= SMR Layout Optimisation for XFS (v0.2, March 2015)
Dave Chinner, <dchinner@redhat.com>

== Overview

This document describes a relatively simple way of modifying XFS using existing
on disk structures to be able to use host-managed SMR drives.

This assumes a userspace ZBC implementation such as libzbc will do all the heavy
lifting work of laying out the structure of the filesystem, and that it will
perform things like zone write pointer checking/resetting before the filesystem
is mounted.

== Concepts

SMR is architected to have a set of sequentially written zones which don't allow
out of order writes, nor do they allow overwrites of data already written in the
zone. Zones are typically in the order of 256MB, though may actually be of
variable size as physical geometry of the drives differ from inner to outer
edges.

SMR drives also typically have an outer section that is CMR technology - it
allows random writes and overwrites to any area within those zones. Drive
managed SMR devices use this region for internal metadata
journalling  for block remapping tables and as a staging area for data writes
before being written out in sequential fashion ito zones after block remapping
has been performed.

Recent research has shown that 6TB seagate drives have a 20-25GB CMR zone,
which is more than enough for our purposes. Information from other vendors
indicate that some drives will have much more CMR, hence if we design for the
known sizes in the Seagate drives we will be fine for other drives just coming
onto the market right now.

For host managed/aware drives, we are going to assume that we can use this area
directly for filesystem metadata - for our own mapping tables and things like
the journal, inodes, directories and free space tracking. We are also going to
assume that we can find these regions easily in the ZBC information, and that
they are going to be contiguous rather than spread all over the drive.

XFS already has a data-only device call the "real time" device, whose free space
information is tracked externally in bitmaps attached to inodes that exist in
the "data" device. All filesystem metadata exists in the "data" device, except
maybe the journal which can also be in an external device.

A key constraint we need to work within here is that RAID on SMR drives is a
long way off.
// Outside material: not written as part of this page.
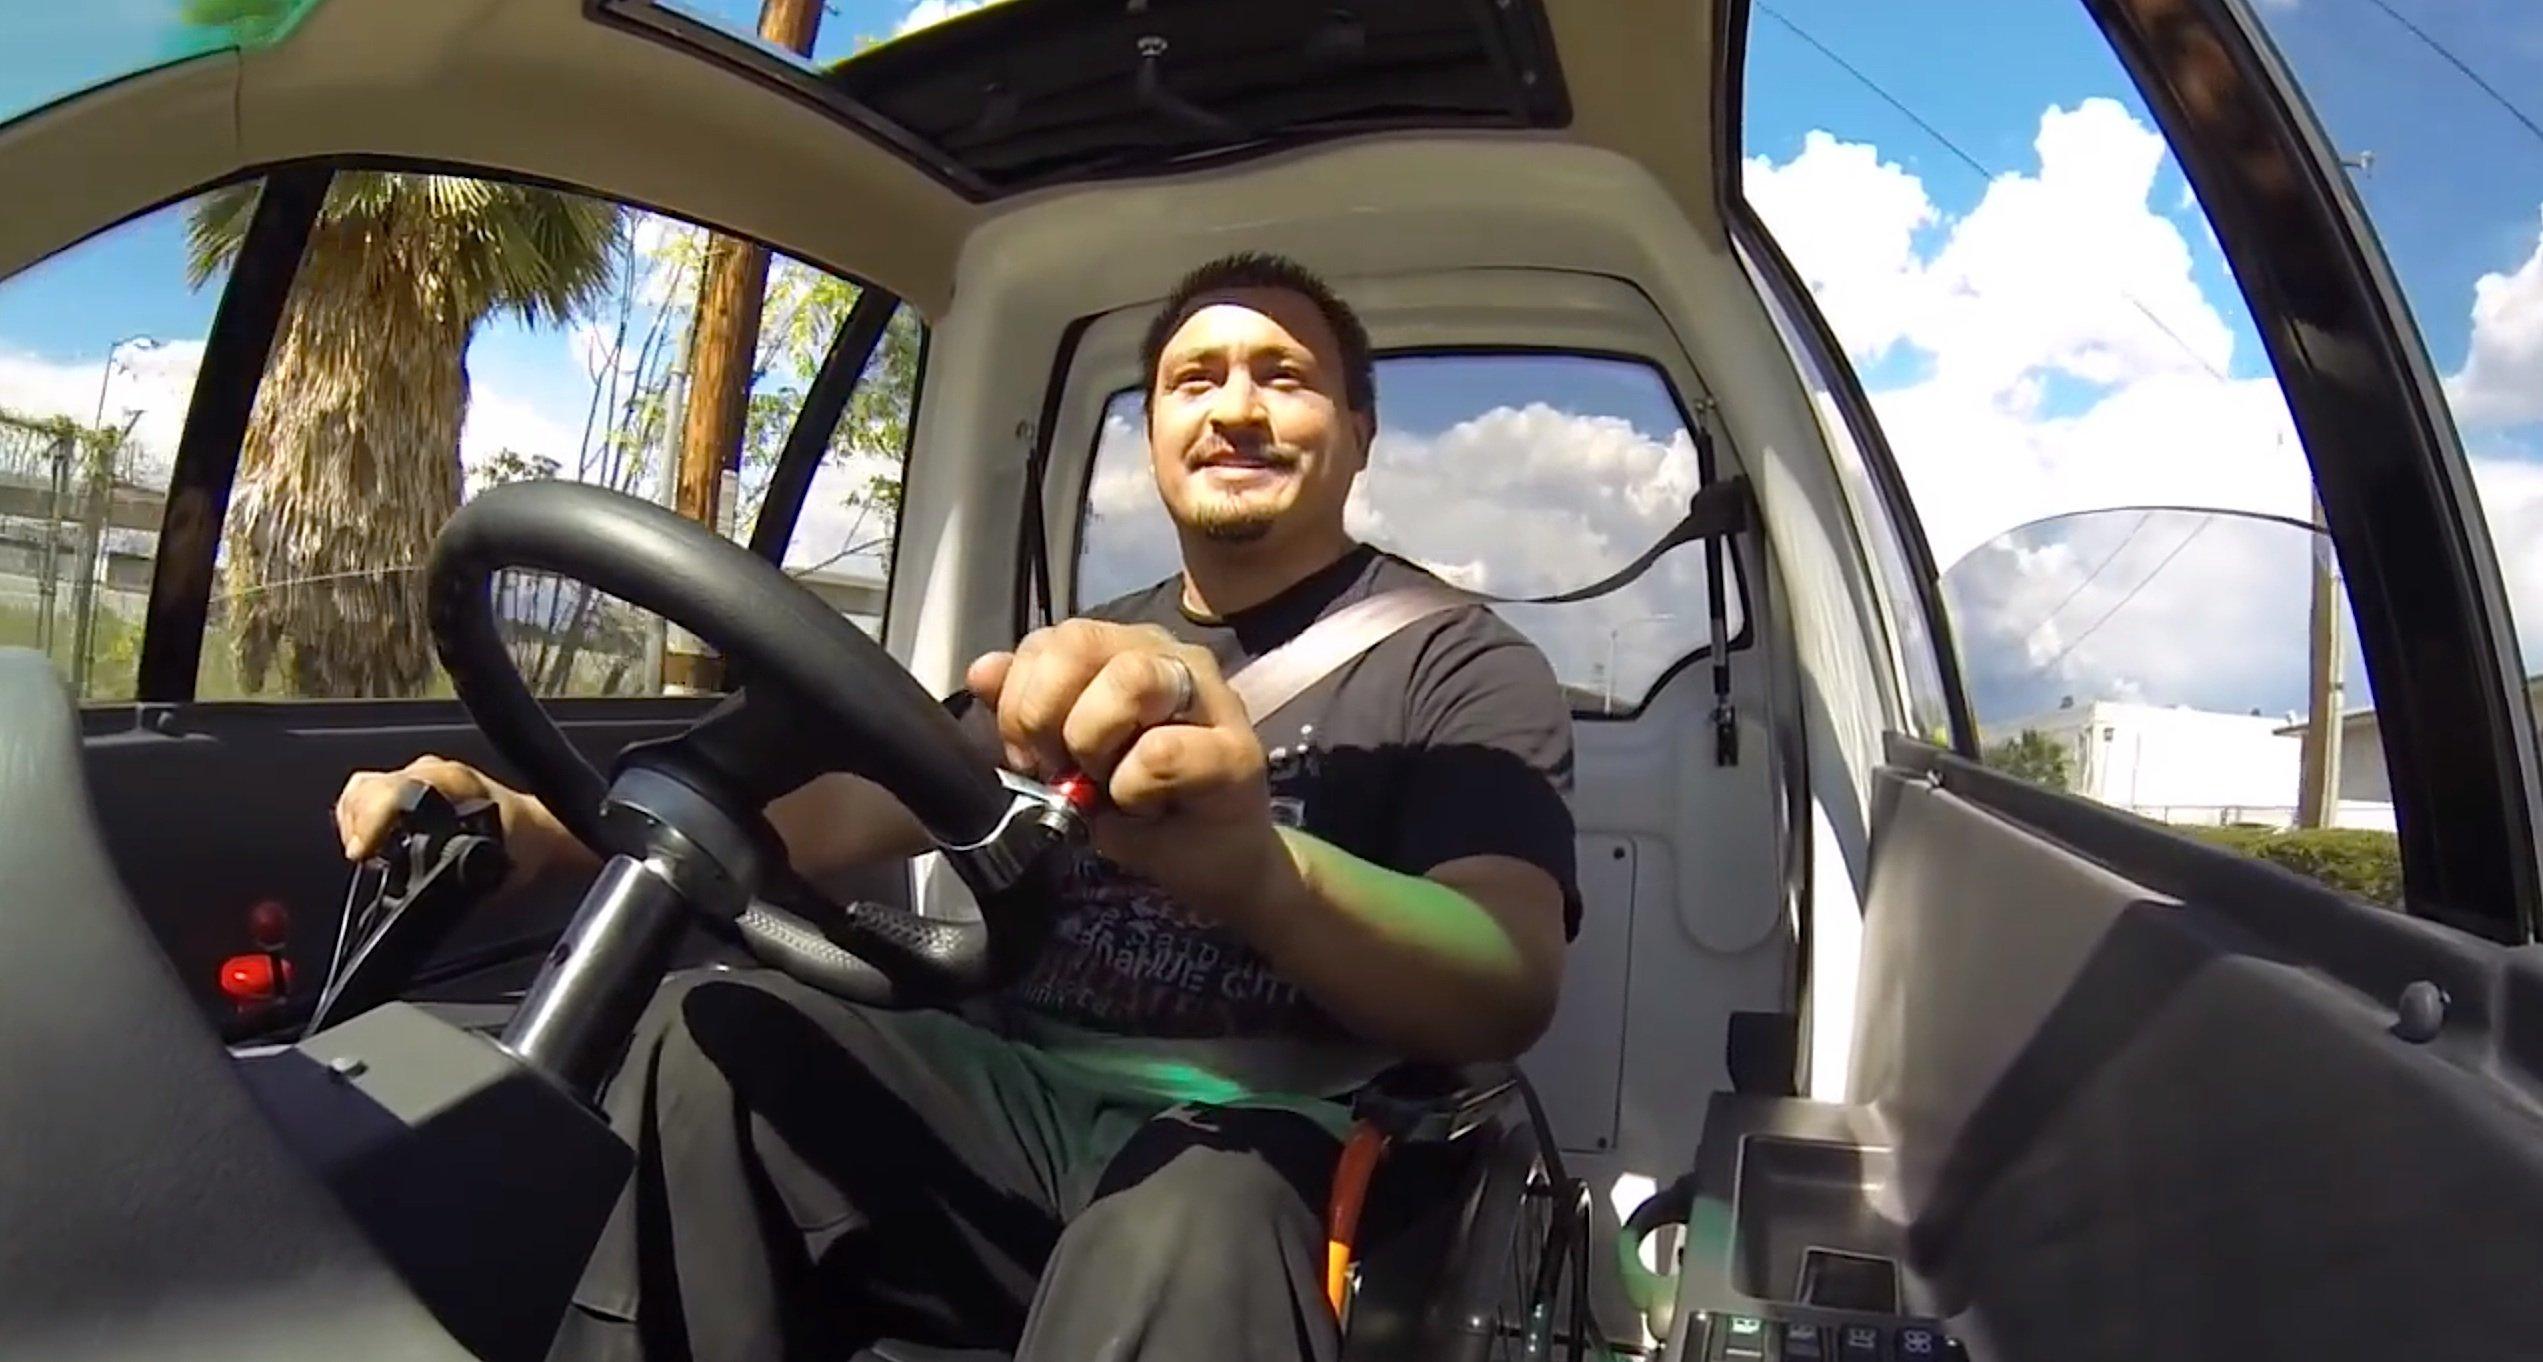 Rollstuhlfahrer in einem Chariot: In das Auto rollt man von hinten hinein, schnallt sich an – und fährt los.

The main use case is for bulk storage of data in the back end of
distributed object stores (i.e. cat pictures on the intertubes) and hence a
filesystem per drive is the typical configuration we'll be chasing here.
Similarly, partitioning of SMR drives makes no sense for host aware drives,
so we are going to constrain the architecture to a single drive for now.

== Journal modifications

Because the XFS journal is a sequentially written circular log, we can actually
use SMR zones for it - it does not need to be in the metadata region. This
requires a small amount of additional complexity - we can't wrap the log as we
currnetly do, we'll need to split the log across two zones so that we can push
the tail into the same zone as the head, then reset the now unused zone
and then when the log wraps it can simply start again form the beginning of the
erased zone.

Like a normal spinning disk, we'll want to place the log in a pair of zones near
the middle of the drive so that we minimise the worst case seek cost of a log
write to half of a full disk seek. There may be advantage to putting it right
next to the metadata zone, but typically metadata writes are not correlated with
log writes.

Hence the only real functionality we need to add to the log is the tail pushing
modifications to move the tail into the same zone as the head, as well as being
able to trigger and block on zone write pointer reset operations.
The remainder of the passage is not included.